Nunca creí en leyendas tontas… porque eso eran para mí: tontas, ridículas, falacias que te arrastran hacia la credulidad. El caso es que Marta, aferrada a esa fe que yo tanto rechazaba, me hizo escalar hasta lo más alto de esa montaña. Hacía frío, por suerte, y la caminata se hizo más llevadera.
Desde el primer paso hasta casi el final solo escuchó quejas por mi parte … porque yo no creía en leyendas tontas, repito.
-¿Te quieres callar ya? -inquirió con una mala leche que no conocía en ella. -Mi abuelo no habría mentido con algo así y, mucho menos, a punto de morir.

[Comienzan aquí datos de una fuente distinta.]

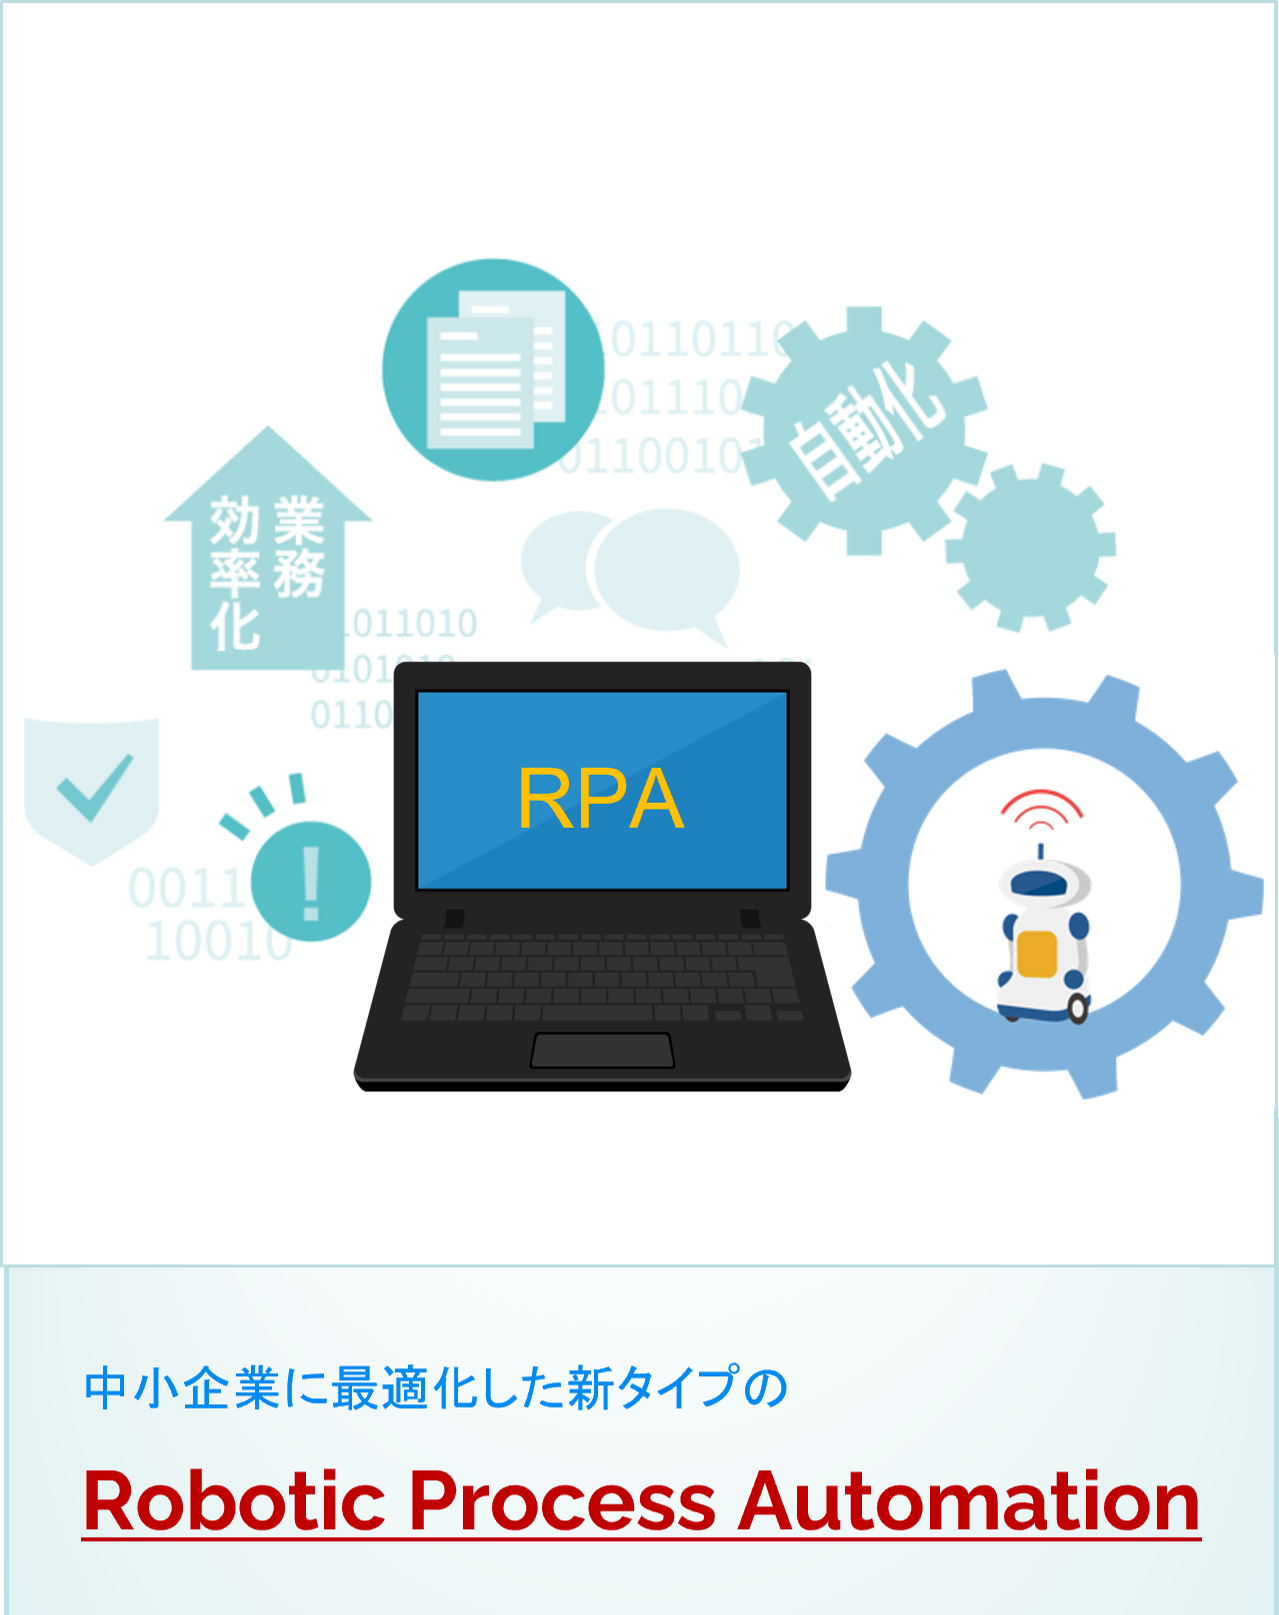 RPAは福岡のアンソネット

Y me callé, pero seguía creyendo que íbamos en dirección al más vertiginoso precipicio, a la muerte, incluso. Dejé de mirar hacia atrás y, cuando quedaba el último tramo, algunas piedras comenzaron a rodar desde la cumbre como si una fuerza mayor las derribara con el único objetivo de espantarnos.
A mí, desde luego, me espantaron. Sin embargo, Marta tiró de mi brazo, envalentonada, y me obligó a continuar hasta pisar el pico de esa montaña. Y lo hice, temblando, pero lo hice.
Fue entonces cuando descubrimos un lugar nebuloso, un ligero aire por la atmósfera nos erizó la piel. Y, lejos de voces divinas que nos gritaran disparates, vislumbramos la naturaleza de alta montaña.
Los ojos verdes de Marta se apagaron. Posé mi mano sobre su hombro y lo acaricié con todo el amor que habitaba en mí por ella.
-Tu abuelo no te mintió -susurré. -Quizá fue un delirio por su Alzheimer.
Yo no creo en leyendas tontas, pero por ella escalo hasta el mismísimo Everest.